大坂なおみを世界1位にしたコーチから学ぶ「スター社員」の育て方

井上和幸

 こんにちは、経営者JPの井上です。名経営者は名伯楽でもあります。優秀なリーダー達を育て輩出し続ける各界の経営者たち。そのスタイルは千差万別で、ミスミの三枝匡さんのようにご自身の中で体系化された経営の方法論を幹部達に徹底的に叩き込むプロ経営者育成もあれば、今やラーメン業界のレジェンドとなっている「ラーメン二郎」のような現場修行からの暖簾分けスタイル(店ごとに微妙に味が異なる、それをよしとしている)もあります。

 読者上司の皆さんも、自らが手塩に掛け、自身の手元からスーパースタープレーヤーを生み出したいのではないでしょうか。それは取りも直さず、自分が管轄する事業やチームを強くし、好業績に導く手立てでもある訳ですから。

 ではどうやってスーパースタープレーヤーを育てることができるのか? 今回は、大坂なおみを1年強で世界ランキング64位から1位へと一気に駆けあがらせたサーシャ・バイン氏に学んでみたいと思います。そのコーチ術を明かした『心を強くする』(飛鳥新社)は社長を目指す上司の皆さんが、自身のため、部下のために具体的に学び実践できるメンタルコーチング術の宝庫です。

 強いメンタルの土台の築き上げ方

 2017年12月に大坂なおみのコーチに就任。大躍進の2018年を経て、2019年2月に突然のコーチ契約解除。その後の大坂なおみが今ひとつ波に乗り切れない状況が続いていることが、サーシャのメンタルコーチング力はやはり凄かったのではないかという私たちの印象を強化しています。

 そんなサーシャが著した『心を強くする』を読むと、確かに彼が、絶対女王セリーナ・ウィリアムズらトップ選手のヒッティング・コーチを長年務めてきた経験から学び体系化したコーチング術には、非常に実践的かつ再現性のあるものがあると感じます。これは私たちビジネスの世界にいる者としても学び実践できることが非常に多くあると私は思いました。

今回の社長を目指す法則・方程式:

サーシャ・バイン「Strengthen Your Mind(心を強くする)」

 経営者と近い感覚

 まず本書の冒頭で紹介されるのが、

 「この世には自分の力では左右できないことがあるという事実を認める」

 ことが、強いメンタルを手に入れるために最も大事だという話。いきなり、ガツン!と衝撃を受けました。「まさに!」。

 私たちは日頃、いかに自分では直接どうしようもないことについてあれやこれやと悩み、不満を持ち、なんとかしたいと思い込んでいることか。
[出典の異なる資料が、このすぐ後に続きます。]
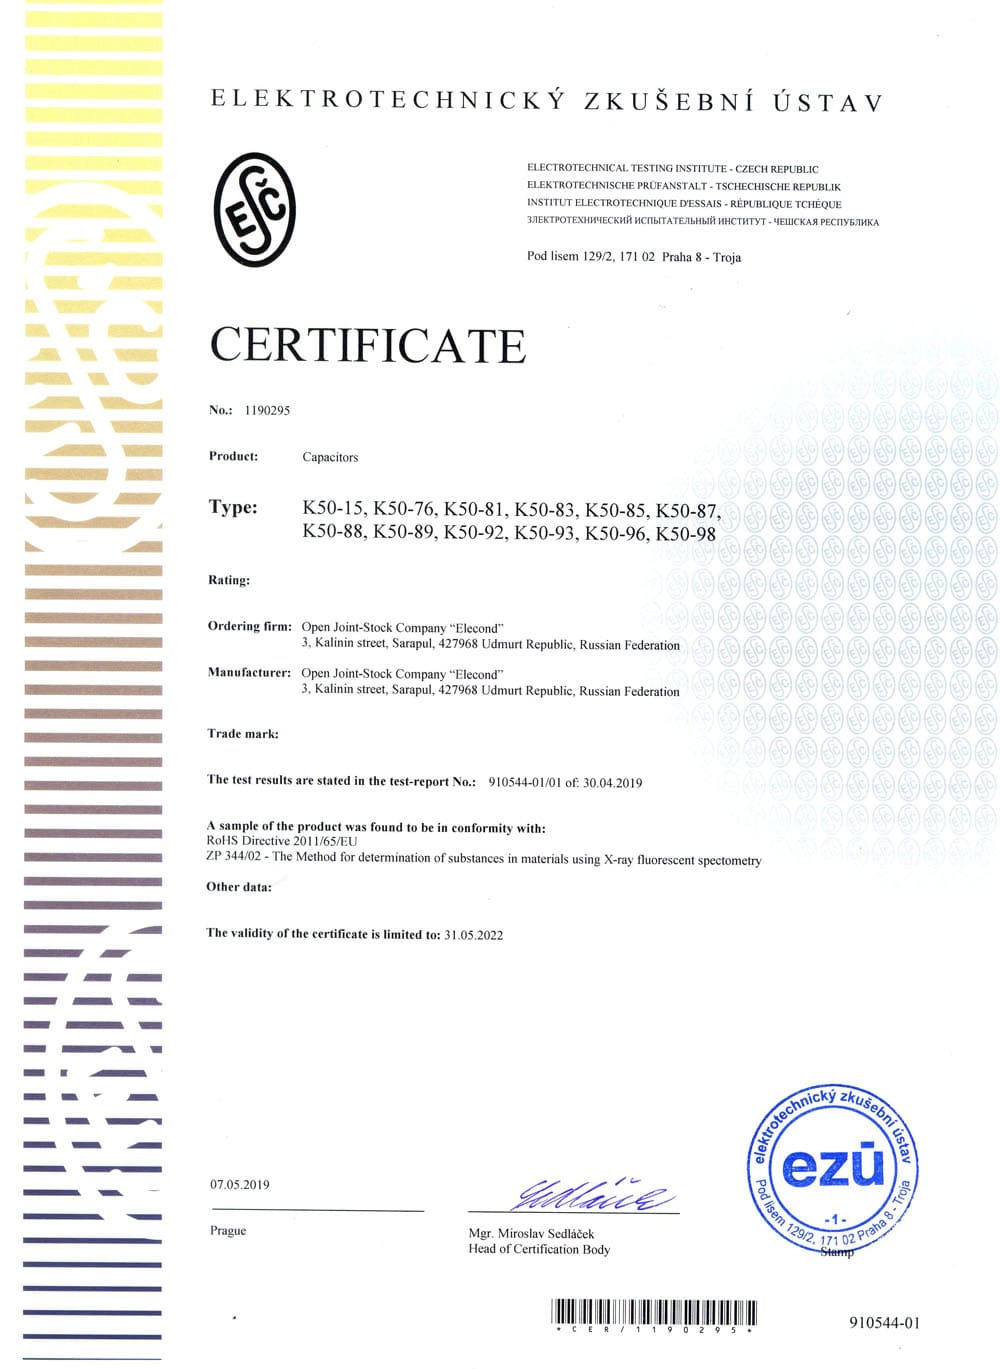 Сертификат соответствия директиве ROHS 2011/65/EU конденсаторов К50

 サーシャは、テニスのコーチをしていて一番辛いのは、観客席で試合を観なければならないことで、ただ座っているだけで、担当選手に対して試合中、なんの手も足も出ないのがなんともやりきれないと言っています。

 これは経営者が社員たちに対して、あるいはマネジメント専任となった上司が部下たちに対して感じることと非常に近しい感覚だと思います。

 またテニスの試合にも、私たちのビジネスにも、相手(敵、競合)がいます。「どんな手で出てくるのだろう、どう対応しよう」-。あれやこれやと相手の出方を想像しては気を揉み続け、夜も寝付けない。
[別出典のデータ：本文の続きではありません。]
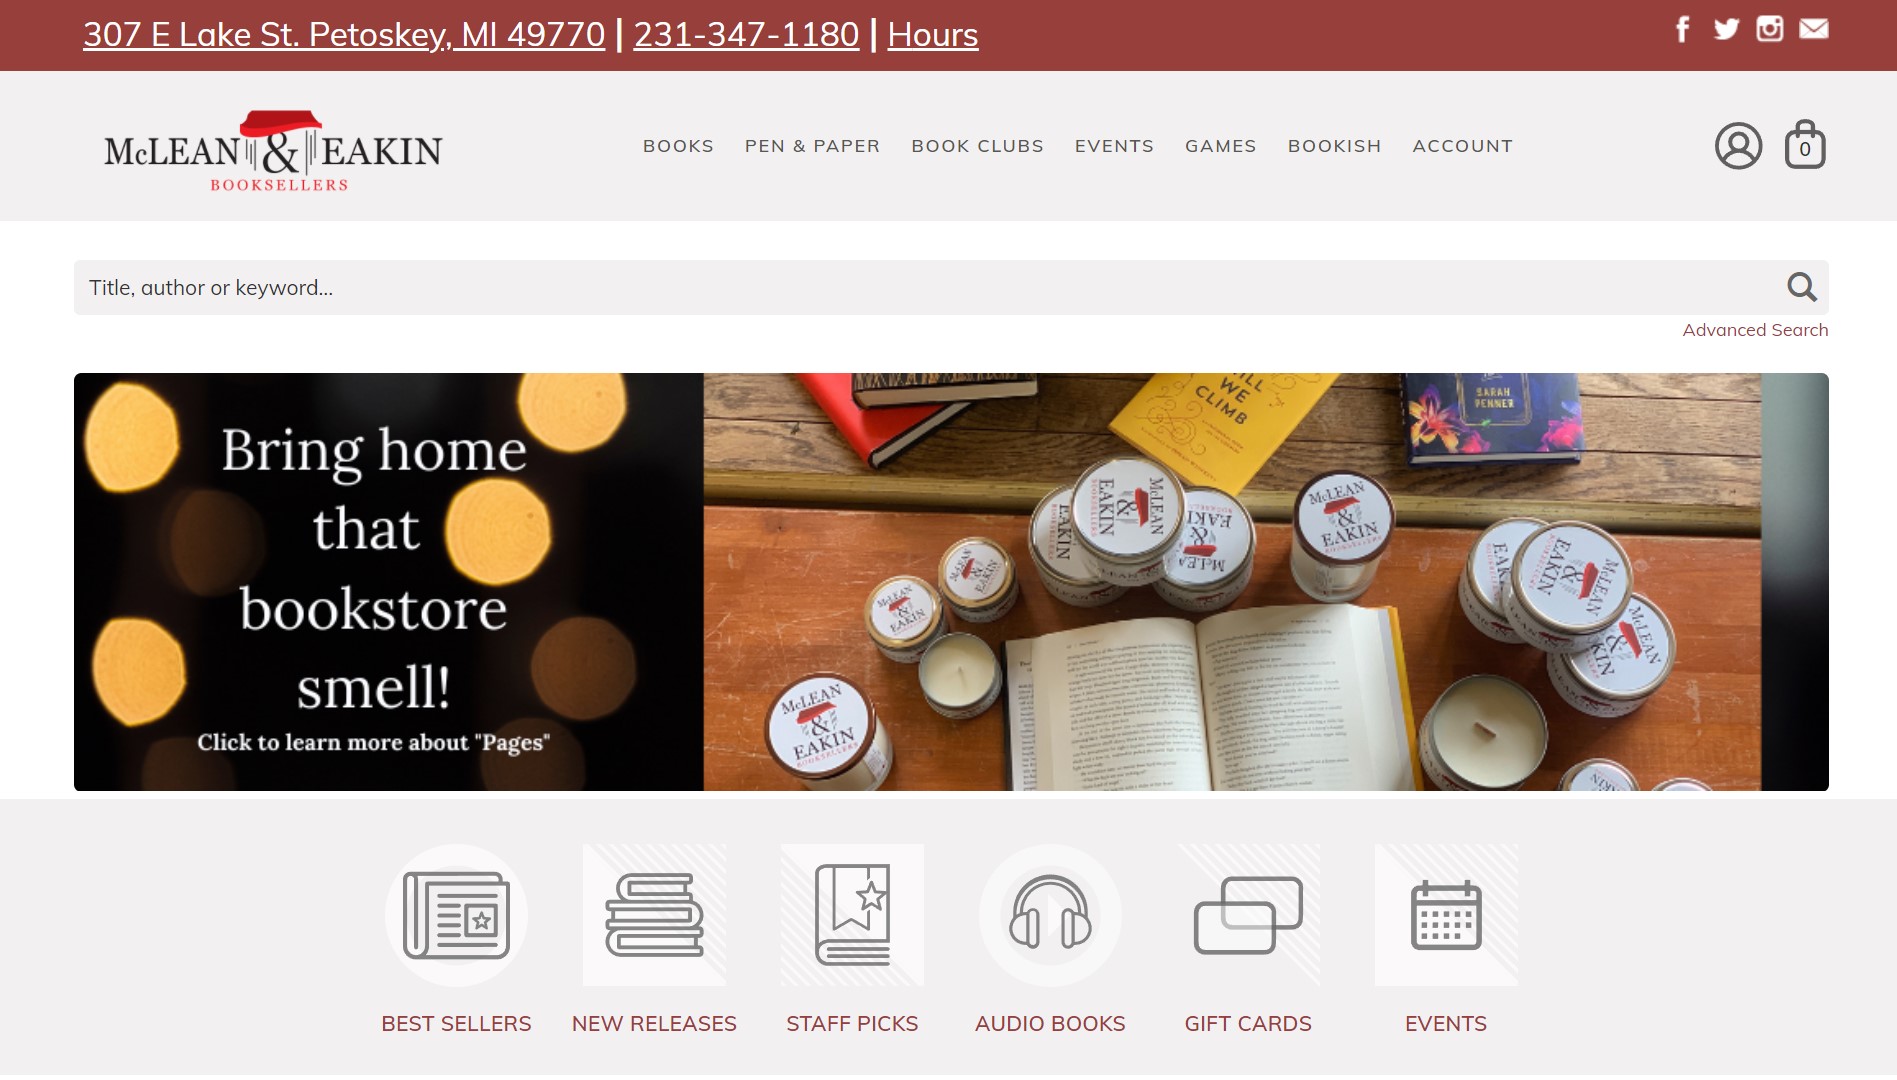 McLean and Eakin Bookstore's website

 戦略戦術を考えることは大事ですが、相手がどう考えどう行動に移そうとしているのか、そのこと自体をコントロールしたいと考えてしまうようなことはそもそもできないことで無駄なこと。

 「自分の力で左右できることには限りがある。他者の出方、能力について思い悩むのは時間の無駄。その事実を受け容れてしまえば、その場の感情に流されることもなく、集中力が途切れることもない」(『心を強くする』)
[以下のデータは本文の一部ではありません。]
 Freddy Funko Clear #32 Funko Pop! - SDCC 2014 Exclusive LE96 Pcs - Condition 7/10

 「すべてが願い通りには進まない」と最初に諦めておくことで、平常心が保て、自分はただ自分がコントロール可能なことだけを考え行動すれば良いのです。

今回の社長を目指す法則・方程式:

サーシャ・バイン「Strengthen Your Mind(心を強くする)」

 サーシャが強いメンタルを手に入れるために、他に挙げていることを列挙しますと、

 「フォーカス×集中力」「完全主義を捨てる勇気」「自分のための100%の努力」「ルーティンの役割」「ゲンを担ぐ」「日頃からあえて面倒な方を選ぶ」「ごめんなさいをNGワードに」「疑問をもち、質問できる人ほど強い」「肉体を鍛えてしまえば、自ずとメンタルも強くなる」「のんびり、辛抱」「良い嫉妬、悪い嫉妬」

 など。いかなるときも揺るがない、前向きで、ある面攻撃的な気持ちを保つ状態のコントロールを選手に与えることをしていたのだということが分かりますね。

 トップクラスの勝利を手に入れるメンタリティー

 成功への道は、野望の階段でもある-。サーシャはそう言います。

 あるときサーシャは大坂なおみに聞きました。「女子トーナメントの参加者の中で、絶対にグランドスラムを獲るという自信を持っているプレーヤーは、何人くらいいると思う? トップテンの連中なんか、口ではみんな自分が勝つと公言するんだけど、本気でそう信じている連中って、どれくらいいるかな?」

 実際のところ、128名のトーナメント参加者中、心から自分の勝利を信じている者は数える程しかいないとサーシャは言います。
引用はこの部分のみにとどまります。